The consensus on the monitoring, treatment, and prevention of leukemia relapse after allogeneic hematopoietic stem cell transplantation in China

Cancer Lett. 2018 Dec 1:438:63-75. doi: 10.1016/j.canlet.2018.08.030. Epub 2018 Sep 11.

Abstract

Allogeneic hematopoietic stem cell transplantation (allo-HSCT) is an important curative therapy for patients with leukemia. However, relapse remains the leading cause of death after transplantation. In recent years, substantial progress has been made by Chinese physicians in the field of establishment of novel transplant modality, patient selection, minimal residual disease (MRD) monitoring, and immunological therapies, such as modified donor lymphocyte infusion (DLI) and chimeric antigen receptor T (CART) cells, as well as MRD-directed intervention for relapse. Most of these unique systems are distinct from those in the Western world. In this consensus, we reviewed the efficacy of post-HSCT relapse management practice from available Chinese studies on behalf of the HSCT workgroup of the Chinese Society of Hematology, Chinese Medical Association, and compared these studies withthe consensus or guidelines outside China.

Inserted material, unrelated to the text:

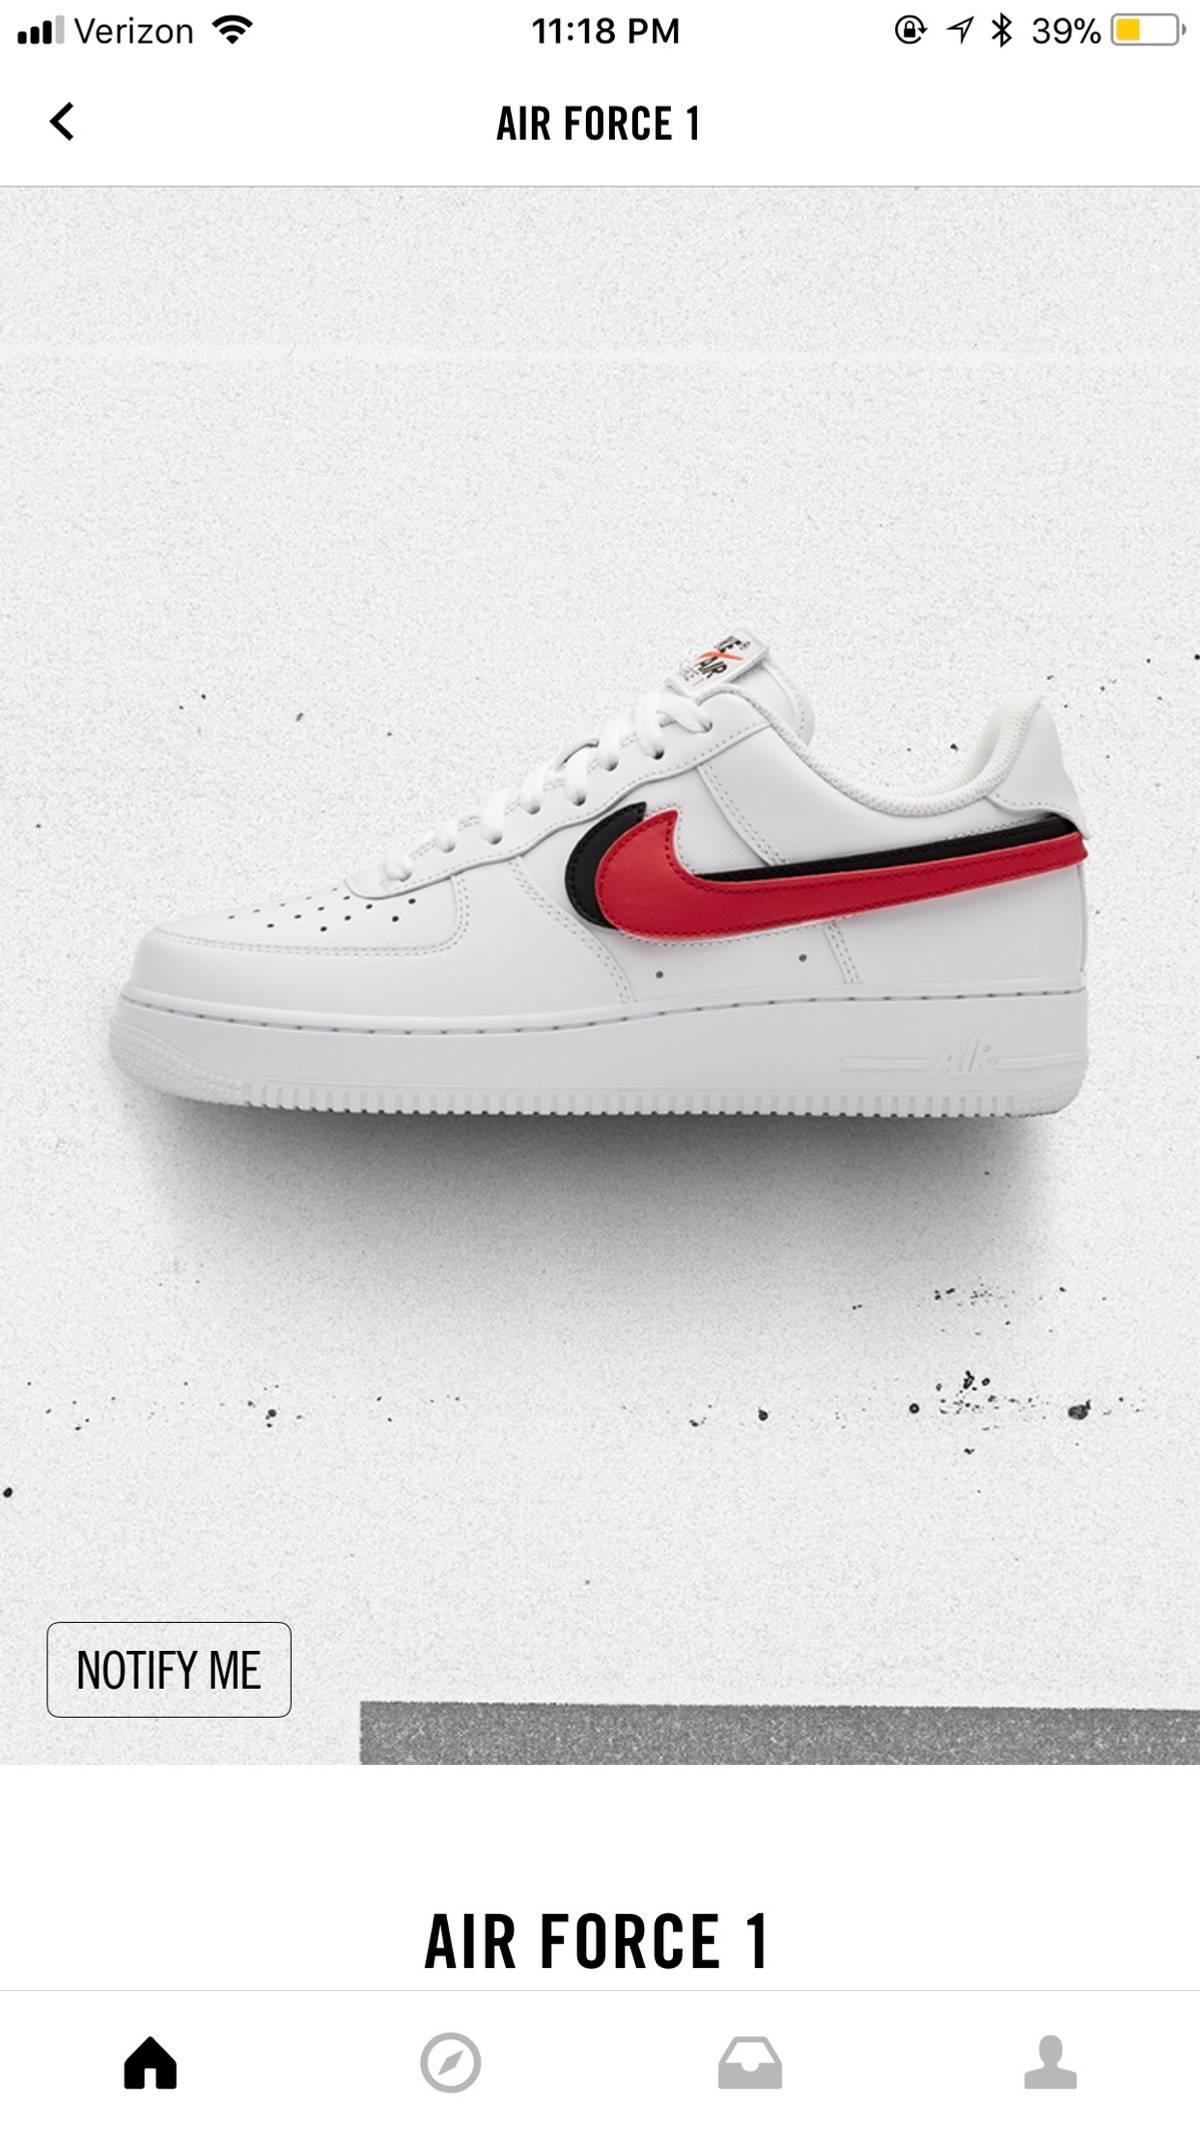 Force Air 1 Nike Air Nike Force 1 R54AjL

We summarized the consensus on routine practices of post-HSCT relapse management in China and focused on the recommendations of MRD monitoring, risk stratification directed strategies, and modified DLI system. This consensus will likely contribute to the standardization of post-HSCT relapse management in China and become an inspiration for further international cooperation to refine global practices.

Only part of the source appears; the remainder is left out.